ACTION ITEM.
With the pictures removed, please write out every line below exactly as given.

PROVIDED DATA.
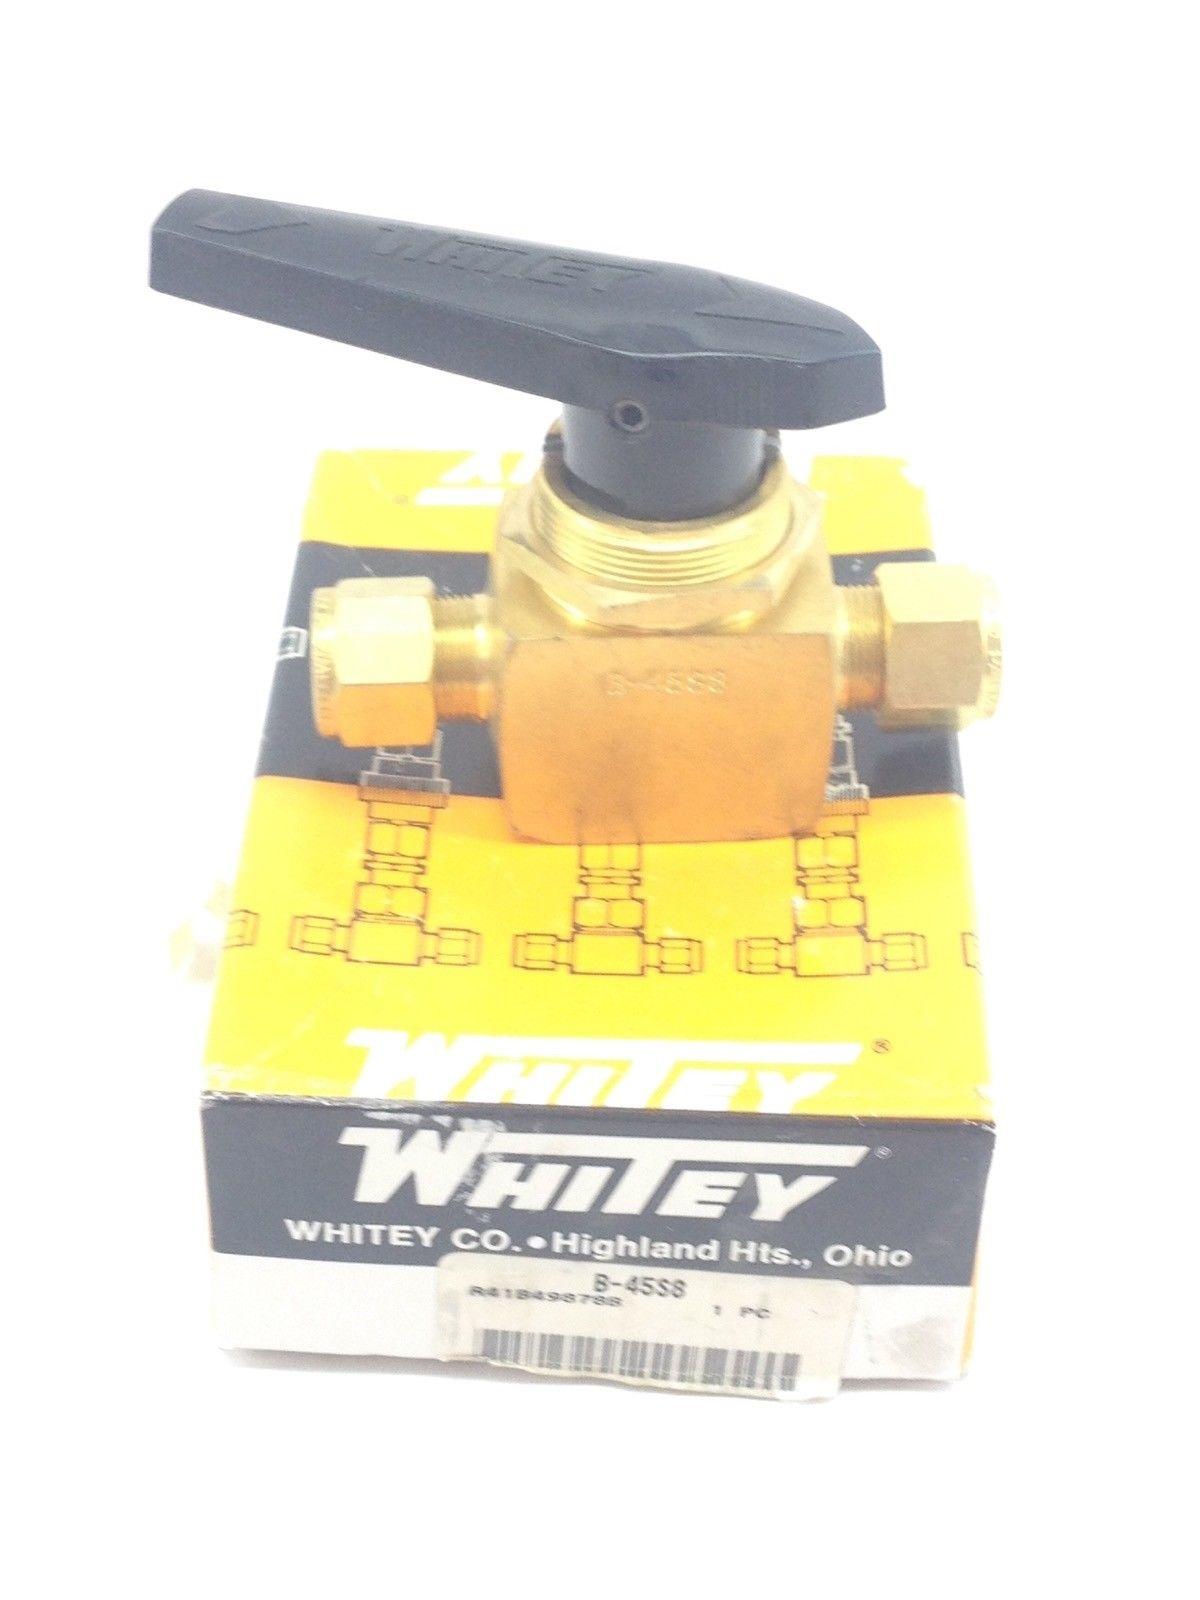 WHITEY B-45S8 THREADED BALL VALVE BRASS (H340) 1
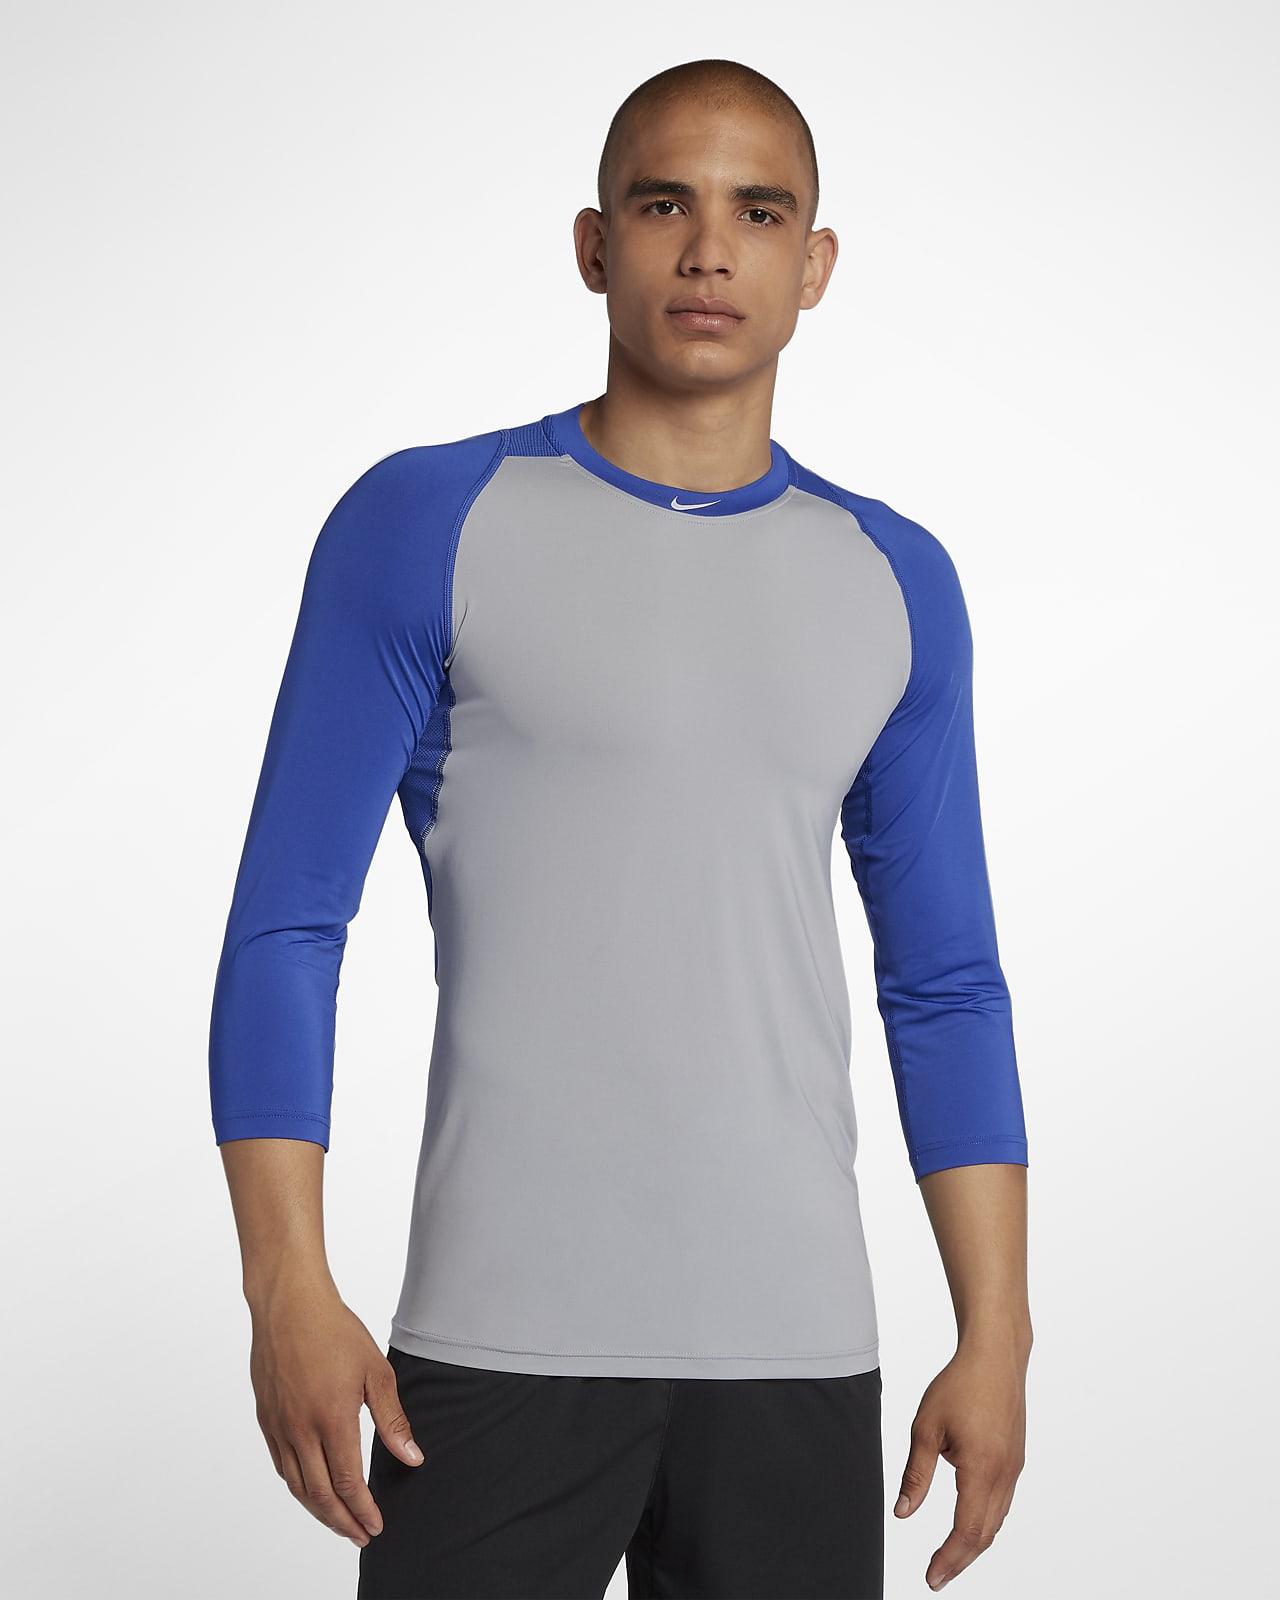 Nike Pro Men's 3/4 Sleeve Baseball Top
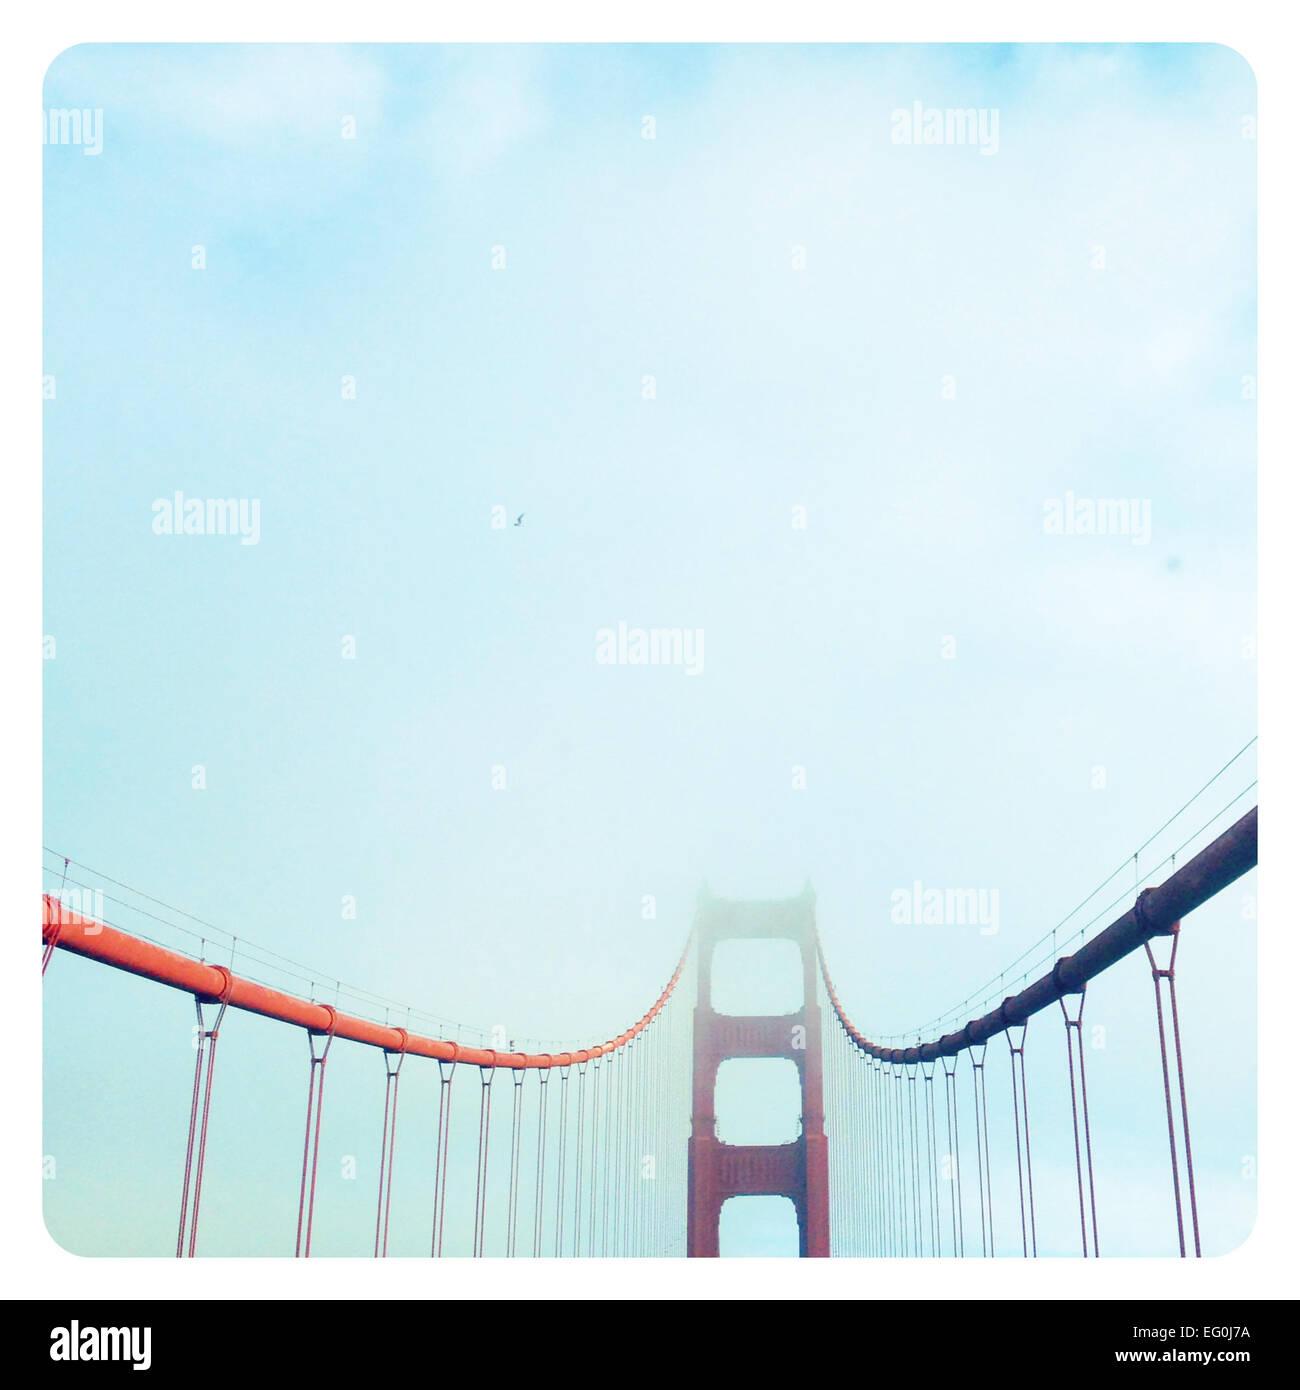 Golden Gate Bridge in fog, San Francisco, California, America, USA - Stock Image
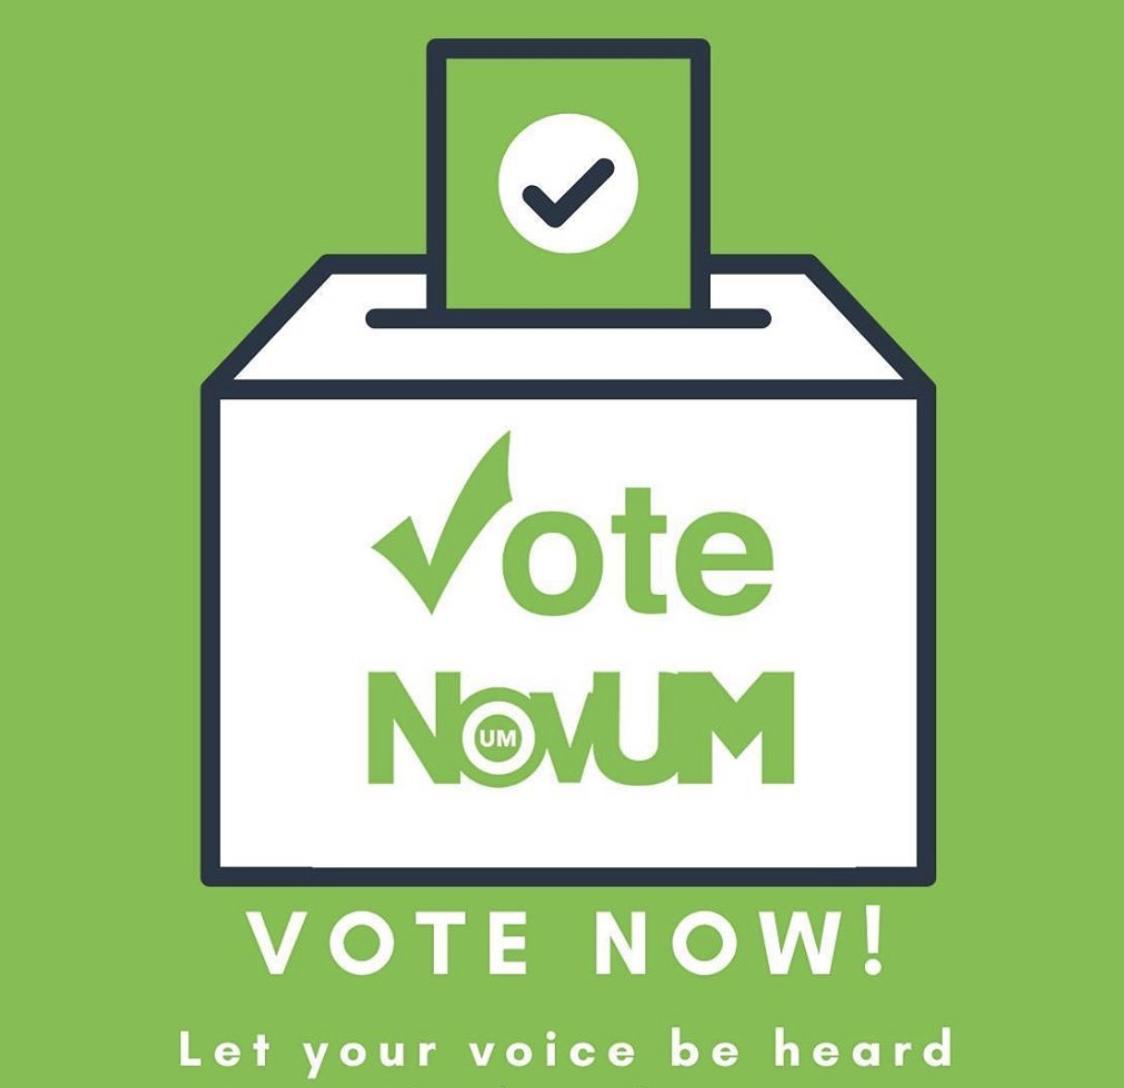 Novum campaigning

SOLUTION TO THIS PROBLEM.
 WHITEY B-45S8 THREADED BALL VALVE BRASS (H340) 1
 Nike Pro Men's 3/4 Sleeve Baseball Top
 Golden Gate Bridge in fog, San Francisco, California, America, USA - Stock Image
 Novum campaigning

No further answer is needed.